▶ [DATA FOR PROCESSING]:
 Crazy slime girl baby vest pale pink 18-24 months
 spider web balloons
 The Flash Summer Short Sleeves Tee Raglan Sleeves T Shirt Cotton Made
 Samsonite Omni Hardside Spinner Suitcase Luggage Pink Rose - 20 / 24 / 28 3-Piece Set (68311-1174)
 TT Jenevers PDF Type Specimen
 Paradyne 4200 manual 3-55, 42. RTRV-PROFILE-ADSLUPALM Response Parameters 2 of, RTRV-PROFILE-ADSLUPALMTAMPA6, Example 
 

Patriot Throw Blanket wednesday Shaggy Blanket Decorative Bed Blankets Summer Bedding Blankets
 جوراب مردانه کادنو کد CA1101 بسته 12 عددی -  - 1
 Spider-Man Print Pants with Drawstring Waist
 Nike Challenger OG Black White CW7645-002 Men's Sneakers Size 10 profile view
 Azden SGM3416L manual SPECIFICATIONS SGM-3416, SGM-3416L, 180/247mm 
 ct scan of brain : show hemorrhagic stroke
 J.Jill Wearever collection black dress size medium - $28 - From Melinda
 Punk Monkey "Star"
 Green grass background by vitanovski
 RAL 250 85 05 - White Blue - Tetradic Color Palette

▶ [ACTIVITY]: Transcribe the material exactly, stopping after the "Patriot Throw Blanket" line.

▶ [SOLUTION]:
 Crazy slime girl baby vest pale pink 18-24 months
 spider web balloons
 The Flash Summer Short Sleeves Tee Raglan Sleeves T Shirt Cotton Made
 Samsonite Omni Hardside Spinner Suitcase Luggage Pink Rose - 20 / 24 / 28 3-Piece Set (68311-1174)
 TT Jenevers PDF Type Specimen
 Paradyne 4200 manual 3-55, 42. RTRV-PROFILE-ADSLUPALM Response Parameters 2 of, RTRV-PROFILE-ADSLUPALMTAMPA6, Example 
 

Patriot Throw Blanket wednesday Shaggy Blanket Decorative Bed Blankets Summer Bedding Blankets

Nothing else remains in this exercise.